## Data shown
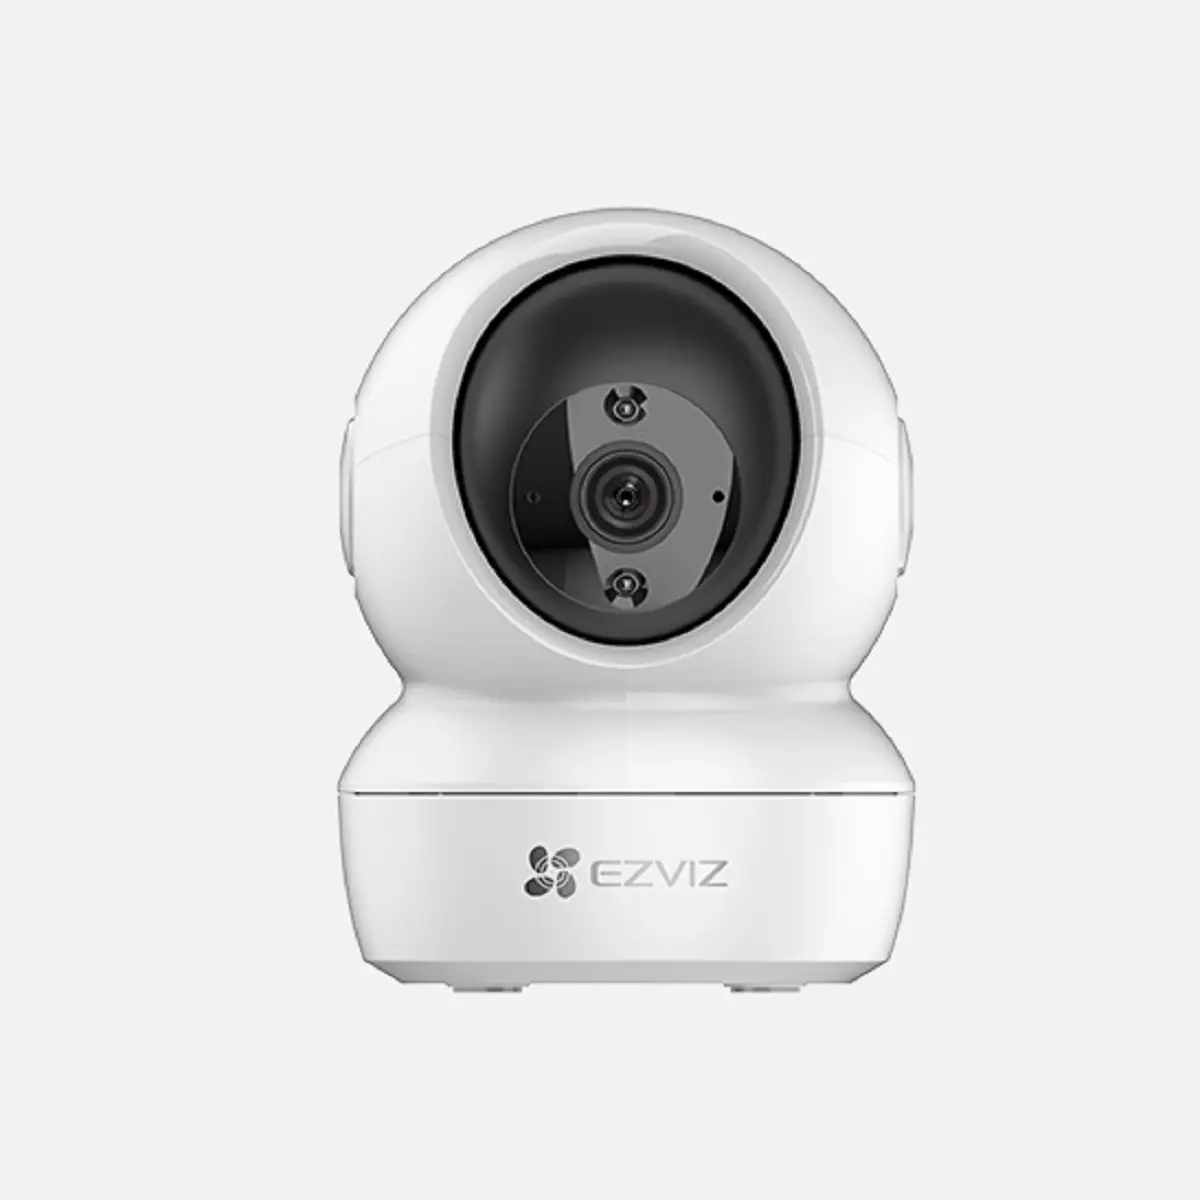 Hikvision Ezviz 4MP CCTV Camera 360 degree 2K H6C Internet With sd card supported-Trade Nepal
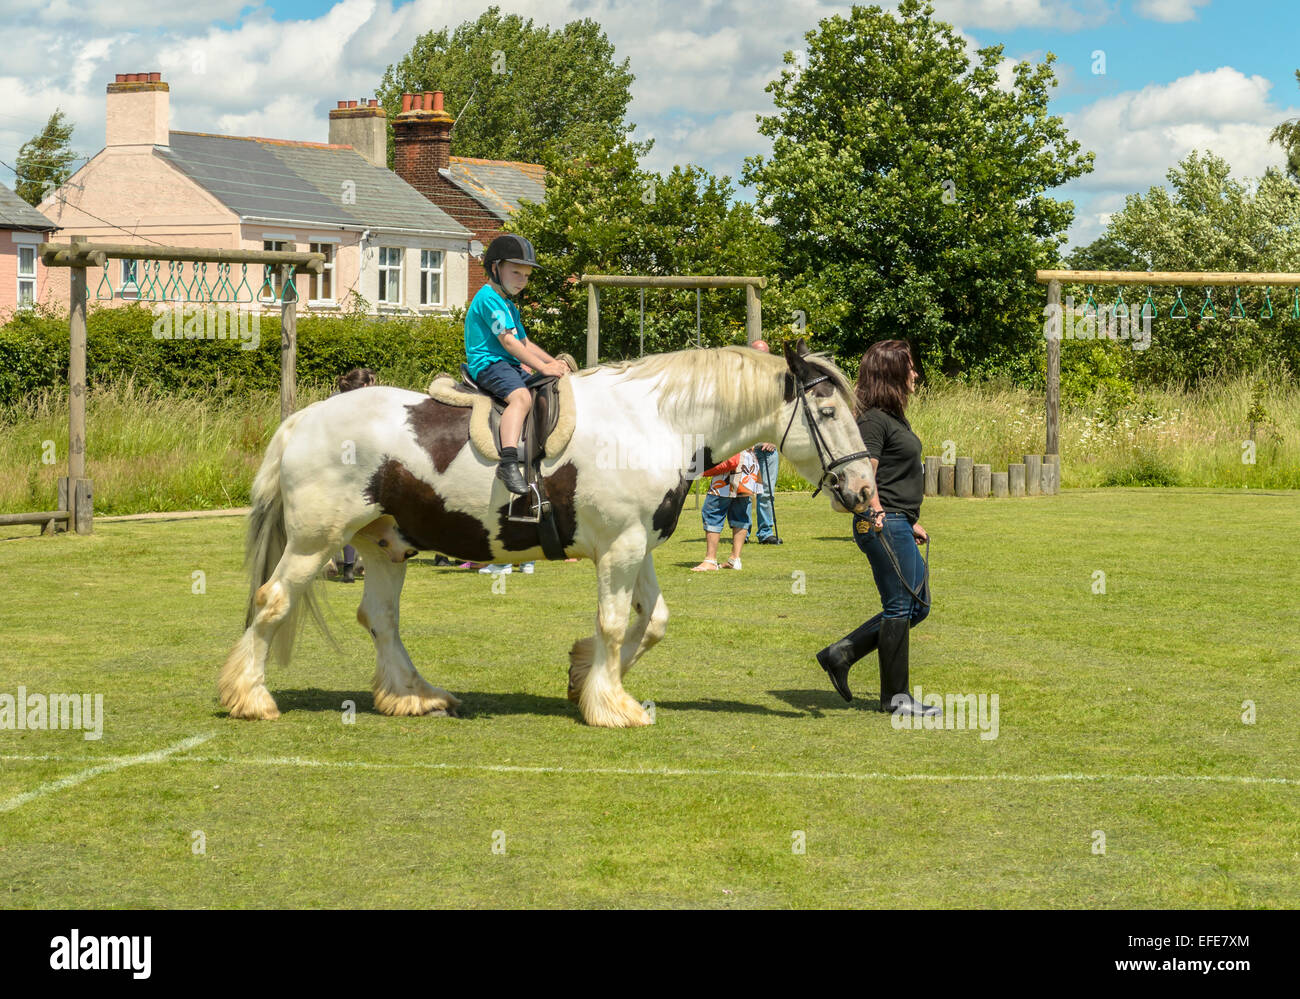 young girl sitting on a horse Essex England UK Stock Photo
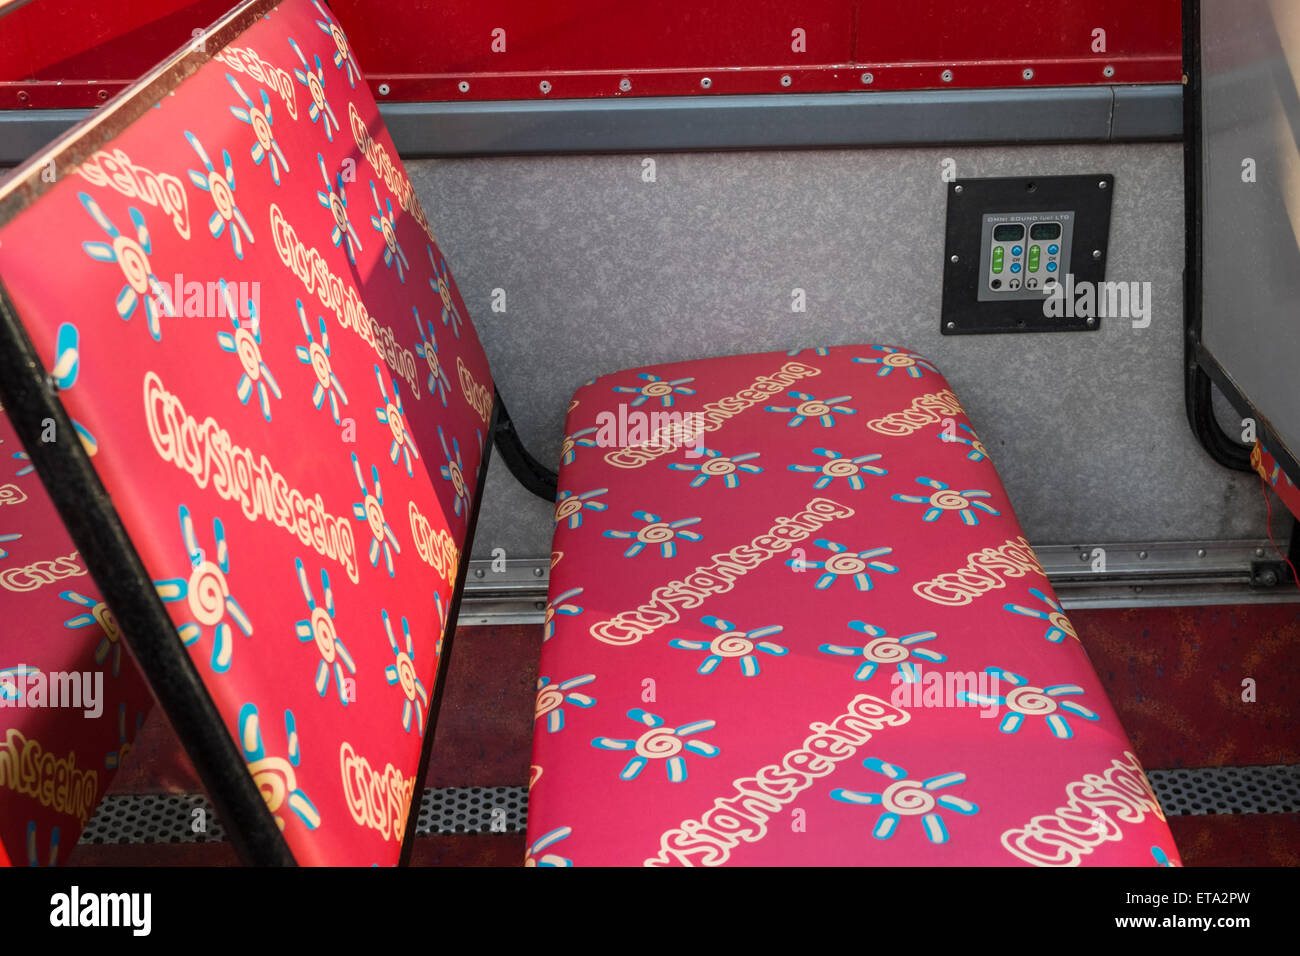 City sightseeing tour bus seat, and audio headphone socket for listening to tour commentary. Stock Photo
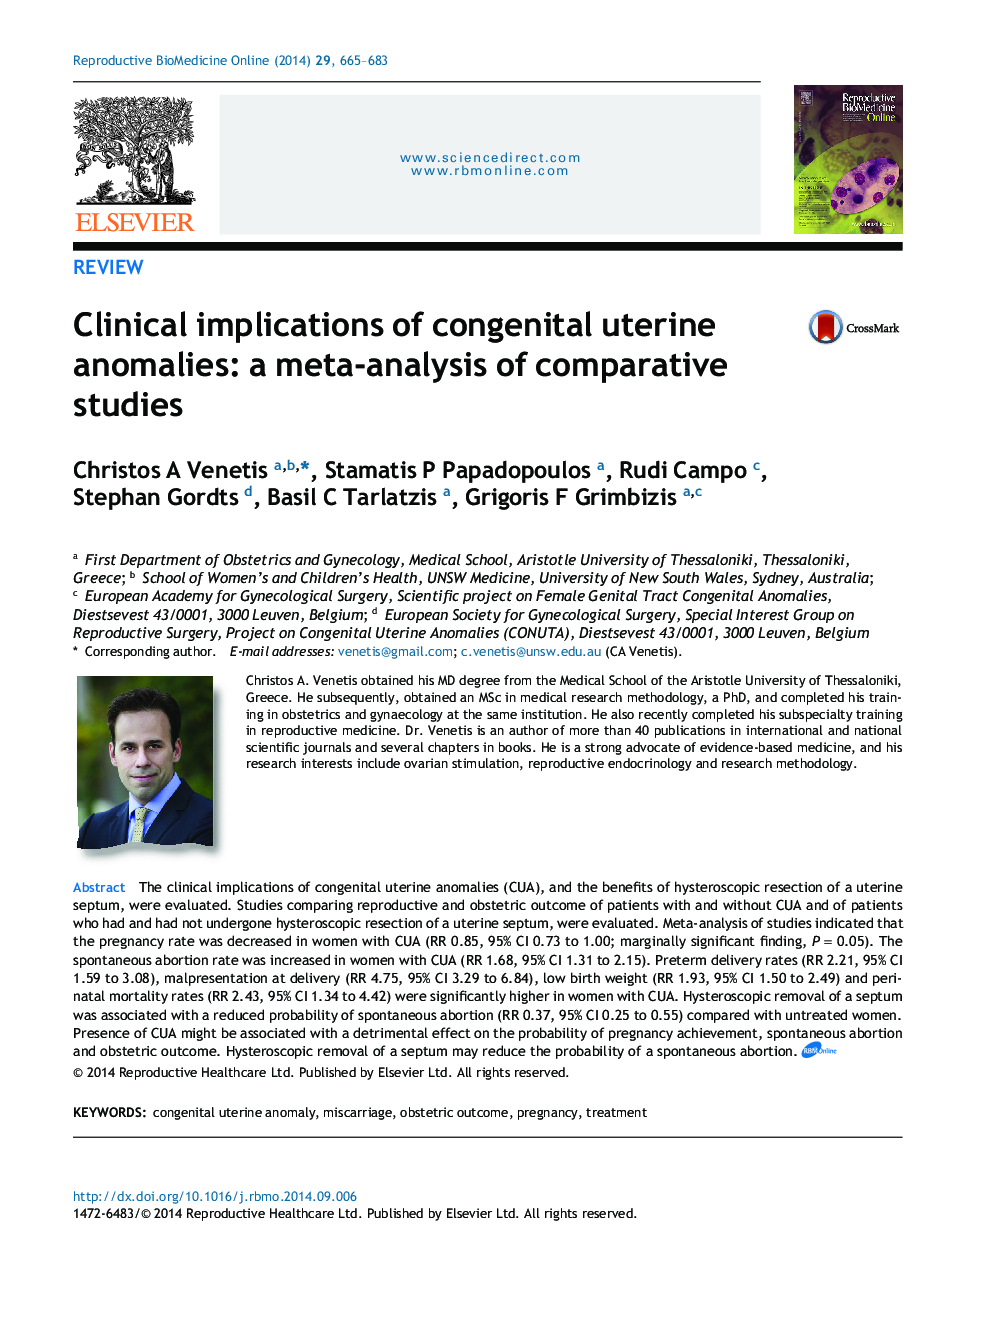 Clinical implications of congenital uterine anomalies: a meta-analysis of comparative studies

## Task description
What is needed is a word-for-word copy of the data, minus its pictures.

## Result of the task
 Hikvision Ezviz 4MP CCTV Camera 360 degree 2K H6C Internet With sd card supported-Trade Nepal
 young girl sitting on a horse Essex England UK Stock Photo
 City sightseeing tour bus seat, and audio headphone socket for listening to tour commentary. Stock Photo
 Clinical implications of congenital uterine anomalies: a meta-analysis of comparative studies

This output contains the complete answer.